I'm implementing language model training on penn treebank.
I'm adding loss for each timestep and then calculating perplexity.
This gives me non-sensically high perplexity of hundreds of billions even after training for a while.
Loss itself decreases but only down to about 20 at best. (I need one-digit number for loss to get sensible perplexity).
This makes me wonder whether my perplexity calculation is misguided.
Should it be based on the loss for each timestep and then averaging instead of adding them all up?
My batch_size is 20, num_steps is 35.
def perplexity(loss):
perplexity = np.exp(loss)
return perplexity
...
loss = 0
x = nn.Variable((batch_size, num_steps))
t = nn.Variable((batch_size, num_steps))
e_list = [PF.embed(x_elm, num_words, state_size, name="embed") for x_elm in F.split(x, axis=1)]

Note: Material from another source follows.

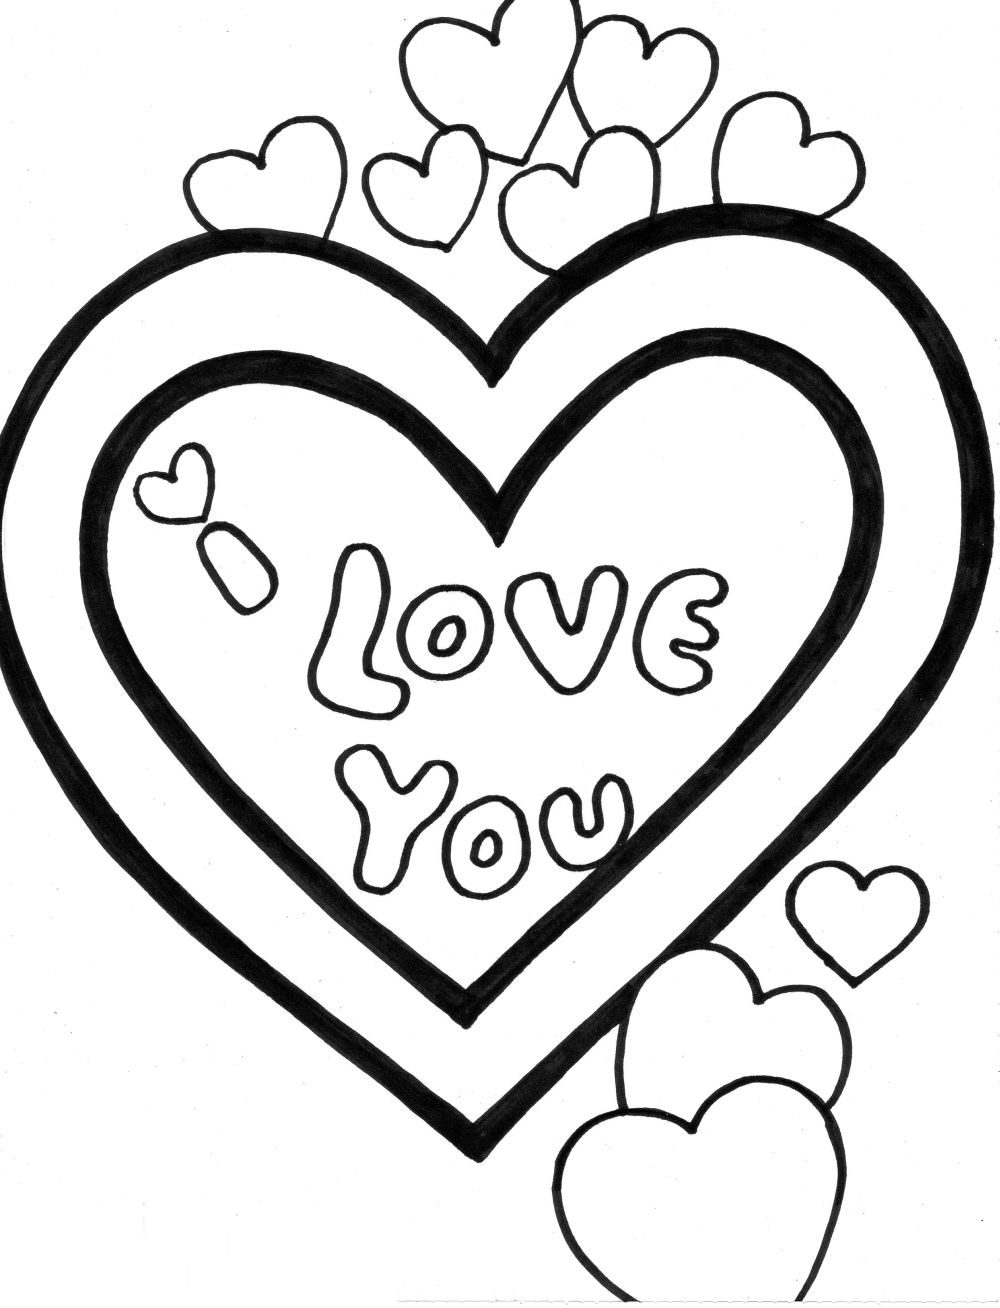 "I Love You " Coloring Pages >> Disney Coloring Pages

t_list = F.split(t, axis=1)
for i, (e_t, t_t) in enumerate(zip(e_list, t_list)):
h1 = l1(F.dropout(e_t,0.5))
h2 = l2(F.dropout(h1,0.5))
y = PF.affine(F.dropout(h2,0.5), num_words, name="pred")
t_t = F.reshape(t_t,[batch_size,1])
loss += F.mean(F.softmax_cross_entropy(y, t_t))
for epoch in range(max_epoch):
....
for i in range(iter_per_epoch):
x.d, t.d = get_words(train_data, i, batch_size)
perp = perplexity(loss.d)
....
It appears that you're calculating the exponential of the sum of the cross entropy loss. Perplexity, through, is defined as two to the power of the entropy.
Perplexity(M)=2^entropy(M)
Perplexity(M) = 2^(-1/n)(log2(P(w1, w2,...,wn)))
where log2 = log base 2
So yes, it should be based on the loss for each timestep, rather than either taking the sum or the mean. Taking the sum like you are now will dramatically inflate your cross entropy loss, so then raising 2 to the power of that value will be very large.
More details can be found here
To calculate the training perplexity, the loss needs to be exponentiated as described in here.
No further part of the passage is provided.